Ellie Litts organized the call to prayer and Hunter’s trip to Greenwood.
“The reason we came here is because in 1980, Ronald Reagan came here and stood on these steps,” Litts said of the courthouse. “But the primary reason we’re here is to pray and support the troops. What’s going to give us freedom is faith.”
Outside of the prayer session, Hunter spent the majority of his time at the courthouse responding to questions about health care.
“The first thing we should do is really simple,” he said. “We should allow you to buy insurance across state lines if you want to. The same policy that costs $70 a month in California costs $300 a month in New Jersey. If you could buy over state lines, you could get much better deals. We live in a time where you can go online and buy almost anything — except insurance. If you could open that up, it would bring down the cost of health care.”
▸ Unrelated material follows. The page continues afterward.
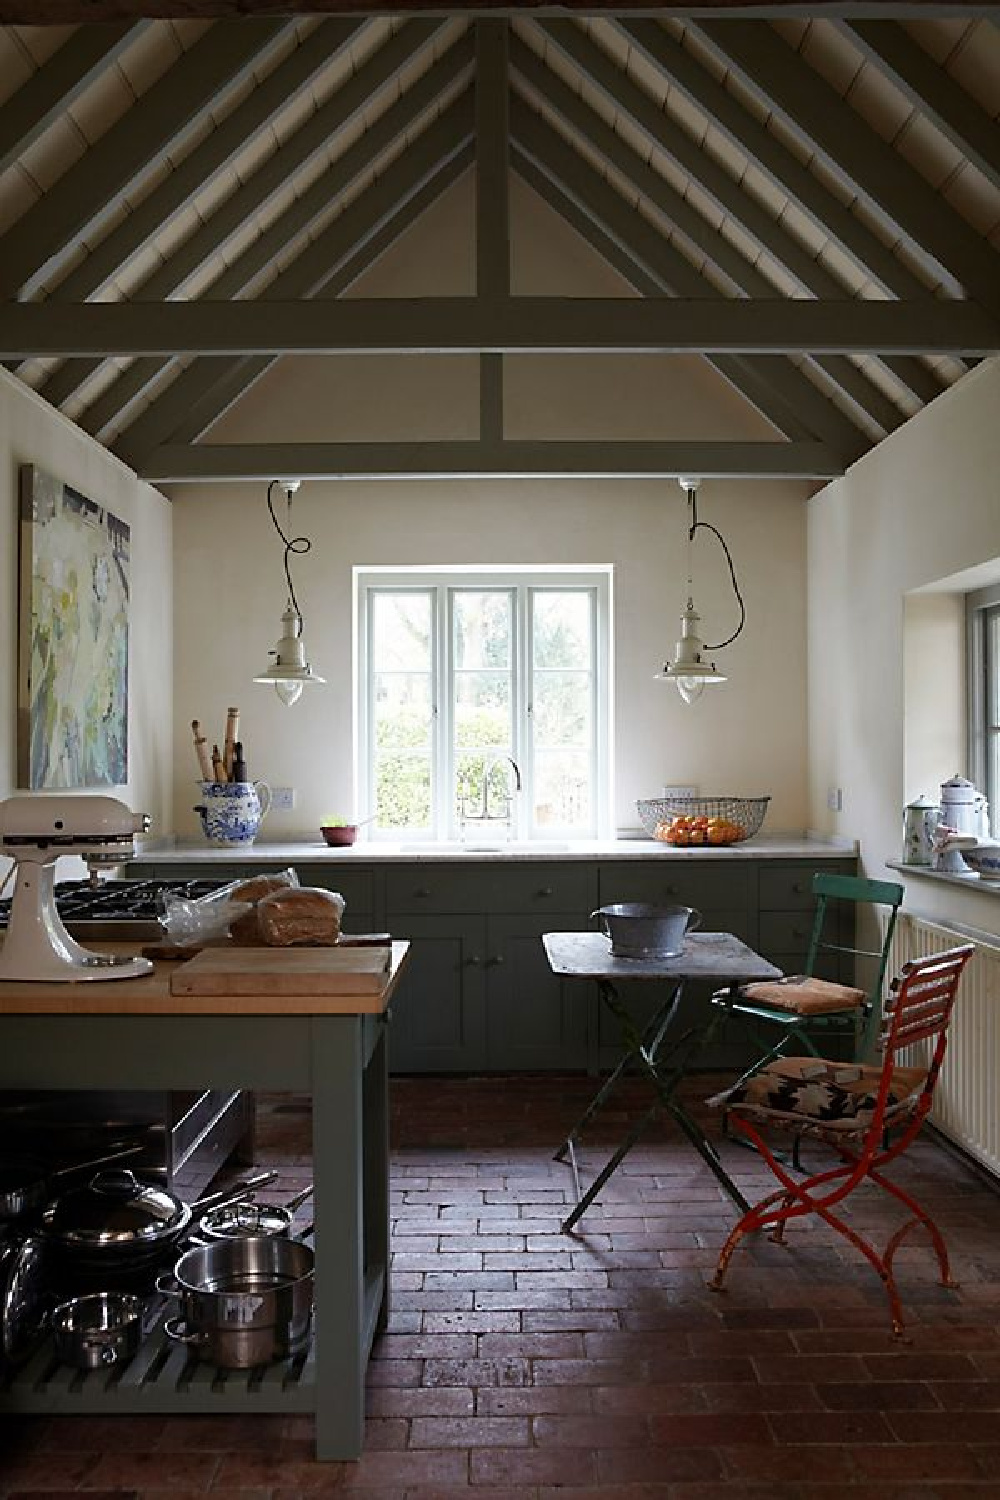 Farrow & Ball Pointing in an Old World European country kitchen with beautiful rustic wood beams.

Hunter also said some families should only need “catastrophic” health insurance with the return of the “family doctor.”
“Why should you have to have an insurance company for a $50 doctor visit any more than for $70 worth of groceries?” Hunter asked. “A doctor wants a simple practice with patients, not paperwork. I don’t think everyone needs insurance. This country has been intimidated by those people who are pressing to socialize our country. How many people do you know who have had their homes taken by the hospital?”
Incentives for family doctors, such as removing taxes for doctors who offer office calls for less than $40, would help that system, he said.
Hunter also said he would work on cutting overhead and paperwork costs and change policies on how long patients should stay in hospitals. For an example, Hunter said patients diagnosed with asthma are taken to the emergency room and then spend a week in the hospital for observation.
“If you took away that protocol where you could send people home earlier, across the country, you’d save billions of dollars,” he said. “Unless Medicare changes, none of the hospitals are going to change.”
Other topics discussed in the candidate’s Greenwood venture were Iran and the recent Republican debate.
“I thought it was a pretty good debate, and I got a chance to talk about the border fence I built in San Diego, so it was fun,” Hunter said, adding he is still trying to make the Bush administration act on legislation to continue the fence on the Mexican border for 854 miles.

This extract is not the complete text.